Regarding context reduction. This got me wondering. If I use my own API key, there is no way for the IDE or coplilot provider to benefit other than monthly sub. But if I am using their provided model with tokens from the monthly subscription, they are incentivized to charge me based on tokens I submit to them, but then optimize that and pass on a smaller request to the LLM and get more margin. Is that what you are referring to?
Yup. but also there was good reason to do this. Models work better with smaller context. Which is why I rely on Gemini for this lazy/inefficient workflow of mine.
FWIW, Edit mode gives the impression of doing this, vs. originally only passing the context visible from the open window.
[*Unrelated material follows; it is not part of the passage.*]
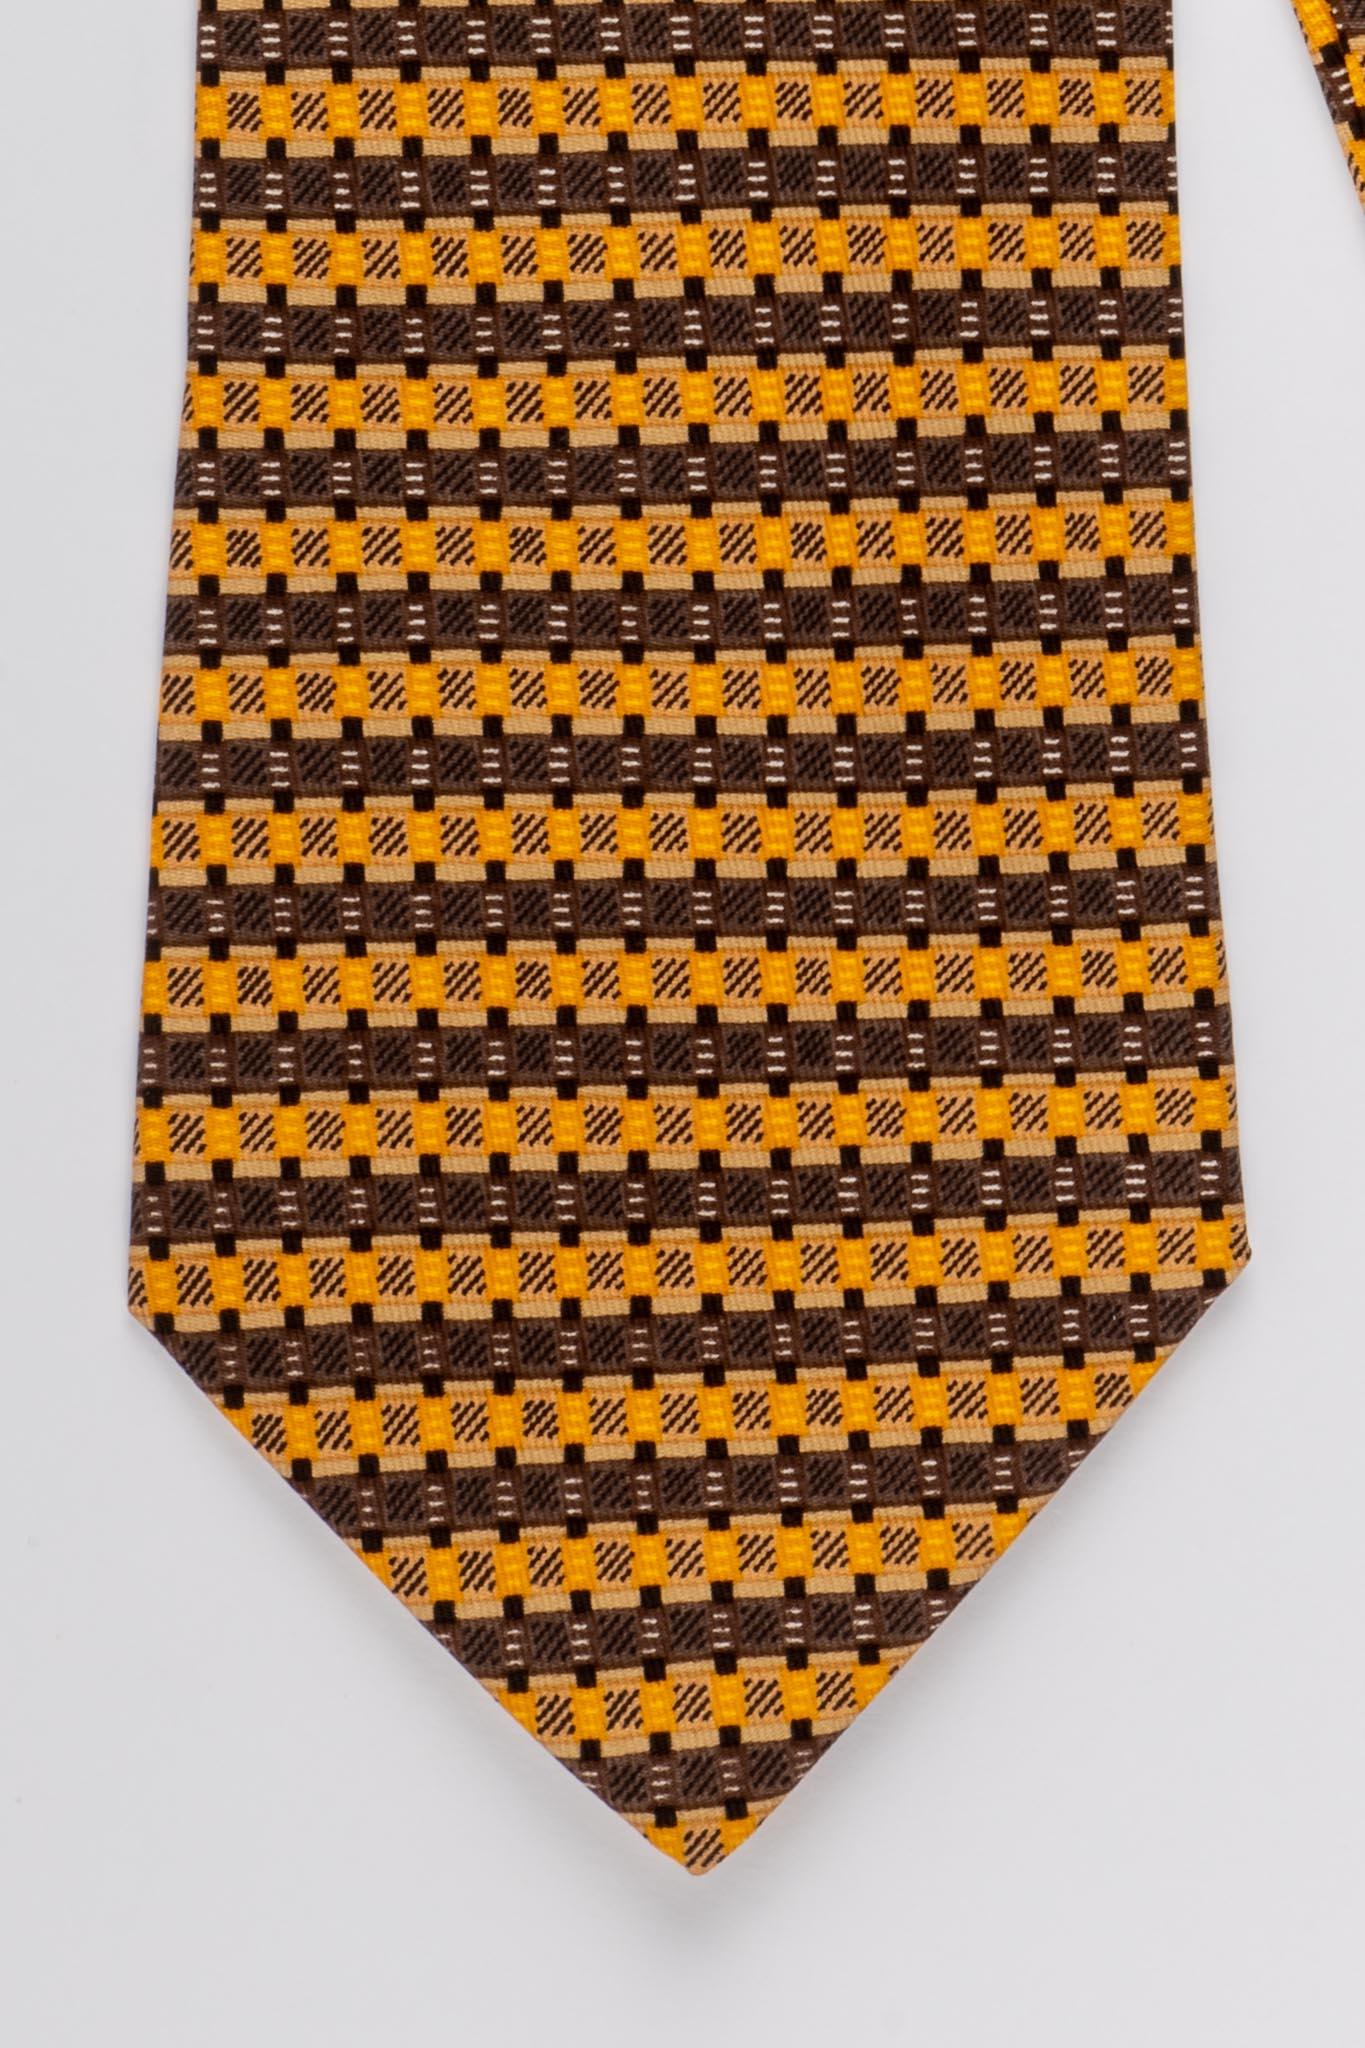 Hermes yellow and etoupe silk geometric tie. Excellent condition.
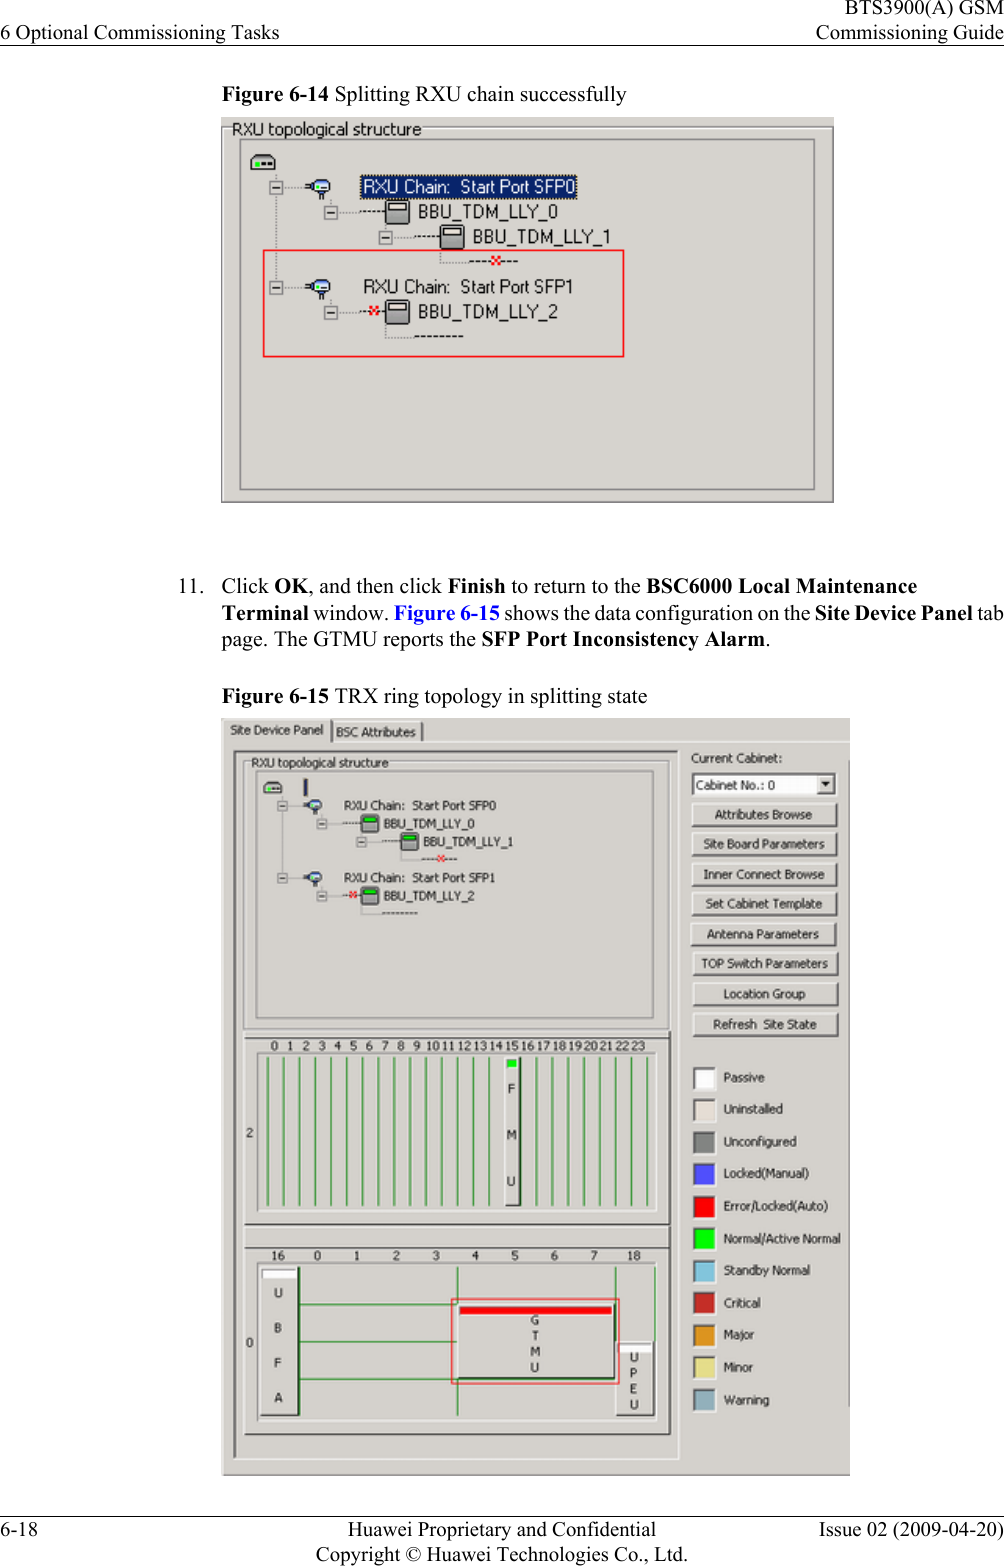 Figure 6-14 Splitting RXU chain successfully 11. Click OK, and then click Finish to return to the BSC6000 Local MaintenanceTerminal window. Figure 6-15 shows the data configuration on the Site Device Panel tabpage. The GTMU reports the SFP Port Inconsistency Alarm.Figure 6-15 TRX ring topology in splitting state6 Optional Commissioning TasksBTS3900(A) GSMCommissioning Guide6-18 Huawei Proprietary and ConfidentialCopyright © Huawei Technologies Co., Ltd.Issue 02 (2009-04-20)

You can choose files to include and they don't appear to be truncated in any way. Though to be fair, I haven't checked the network traffic, but it appears to operate in this fashion from day to day use.
I’d be curious to hear what actually goes through the network request.
i will try again but last i tried adding folder to edit mode and asking it to list down files it sees, it didn't list them all down.
I like to use "Open Editors". That way, it's only the code I'm currently working on that is added to the context, seems more a more natural way to work.
Thanks, most people don't understand this fine difference. Copilot does RAG (as all other subscription-based agents like Cursor) to save $$$, and results with RAG are significantly worse than having the complete context window for complex tasks. That's also the reason why Chatgpt or Claude basically lie to the users when they market their file upload functions by not telling the whole story.
Cline doesn’t do this - this is what makes it suitable for working with Gemini and its large context.
Is that why it’s so bad? I’ve been blown away by how bad it is. Never had a single successful edit.
The code completion is chefs kiss though.
probably but also most models start to lose it after a certain context size (usually 10-20k). Which is why I use gemini (via aistudio) for my workflow.